Choosing a franchise 

There are significant differences between the various franchises out there. Will you choose hard franchising or soft franchising? Hard franchising means everything is already in place: This includes items such as product range, stock, store design, buying, branding and corporate identity, and marketing and promotional materials. Soft franchise, by contrast, gives you greater freedom to make your own choices. But the difference is not always so clear-cut, says Pieter Koelewijn of Franchise Plus. "You can't actually compare hard franchising and soft franchising. Your solution can be 'hard' on purchasing and automation, but 'soft' on marketing and promotion."

If you are considering starting a franchise, you should start by reaching out to other franchisees within the formula. Ask them about their experiences. 

Home franchise 

More than 60% of new businesses in the Netherlands start out in the services industry. The Nationale franchisegids reports that this has been the sector with the largest number of franchises for several years now. The threshold is usually fairly low, as you can generally start your business from your own home. You will need less capital than when opening a shop or restaurant, because you won't need a building, stock, or inventory.

Costs 

The rates you pay for a franchise may vary significantly. The amount needed to start, depends in part on the floor space and the location, and on your choice for soft or hard franchising.mThe website of De Nationale Franchisegids contains a list of all franchise formulas in the Netherlands (in Dutch). 
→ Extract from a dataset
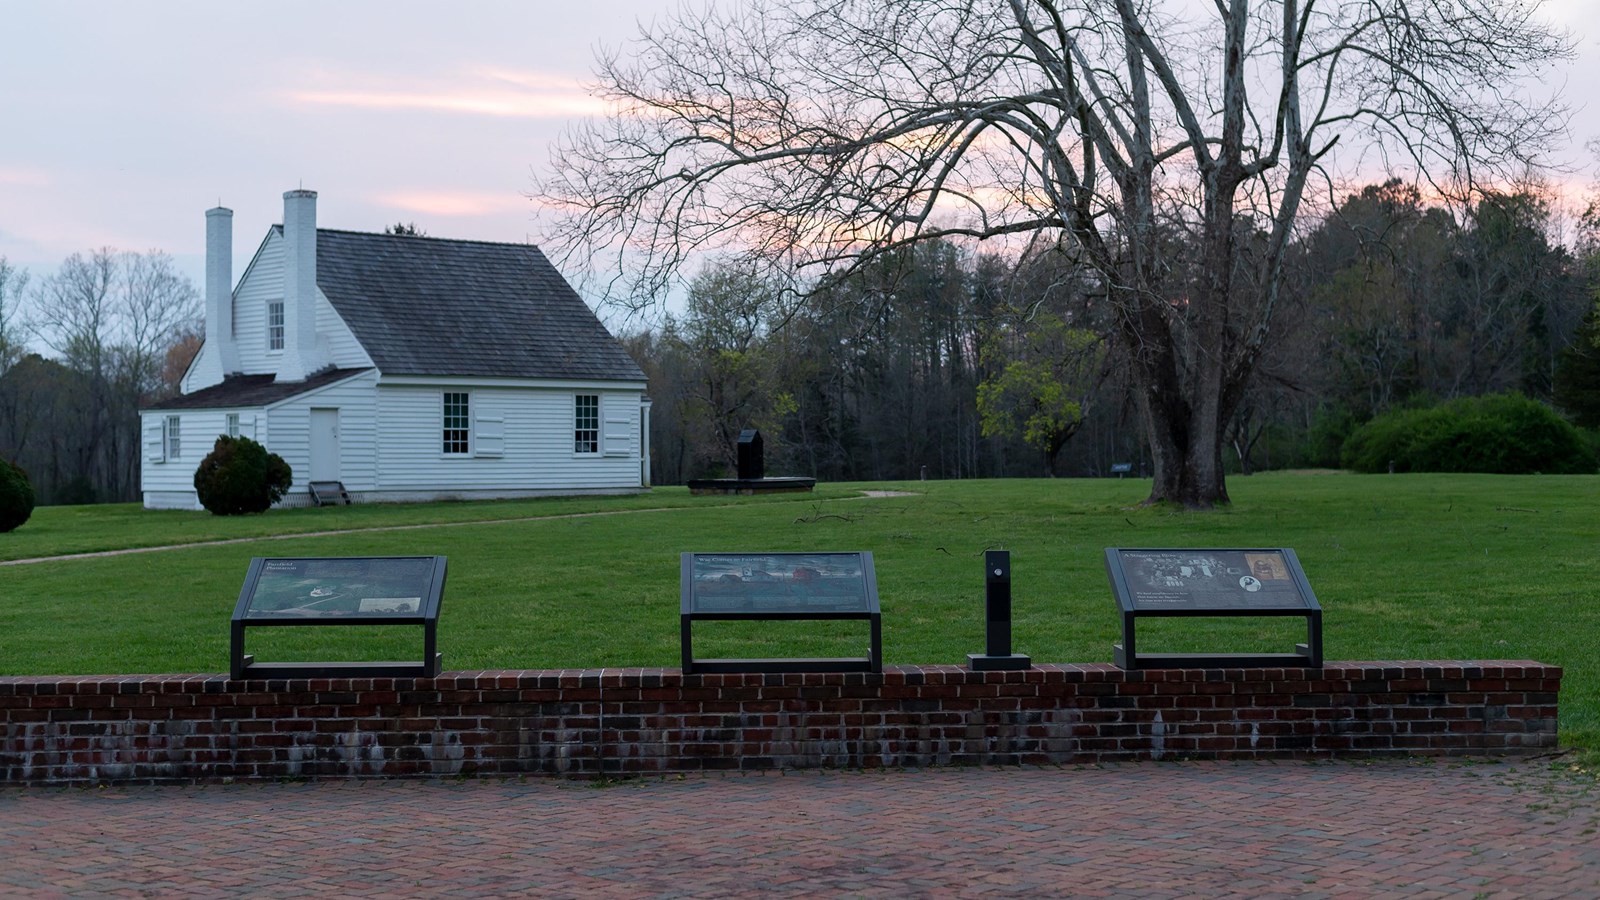 Three interpretive signs in front of a brick wall looking out to a field with a white house.

Signing your franchise contract 

Have you found a franchise organisation that is right for you and meets your requirements? When signing a contract, both parties must share with each other all relevant financial information. They then have 4 weeks to consider the contract. 

Try to get a feel in advance for the results achieved within the franchise formula and (if possible) revenue forecasts. Contact the franchiser to request figures. Van de Peppel: “It is useful to obtain relevant data relating to the profits earned, revenue, and costs, including start-up investments. Think about some of the aspects which are important to your future and set some ground rules.” 

You should also ask the franchiser how many new businesses have started within the formula over the past 3 years? How many have ceased to operate, in what geographical areas, and why?

Consult a franchise specialist (accountant or lawyer) for your research and exploratory discussions. Contract terms may be negotiable. You want to build a good relationship with your franchisor. So it may be helpful to have a consultant to guide you through the discussions and ask the critical questions. 

Franchise rules

Franchise contracts must comply with the rules for franchises. Van de Peppel gives an example: "When a contract expires, any non-compete clause cannot be valid for more than one year and can only cover the geographic area in which you operated as a franchisee."

Risks 

A business plan helps you to identify risks. The next step is to figure out how to handle these risks, including risks associated with contracts, terms of supply and payment, and insurance. Something you always need to consider: the franchiser could potentially go bankrupt. This could have a massive impact on your business. The formula will be out in the hands a trustee. This person is appointed by the court and must ensure that the bankruptcy proceeds properly. The trustee decides whether the formula will be continued, sold or terminated.

Register with the Netherlands Chamber of Commerce KVK 

As a franchisee, you are required to register with KVK. You need a signed franchise agreement for this. Are you starting from a shop or business premises? Then bring the signed purchase or rental agreement with you to the appointment at KVK.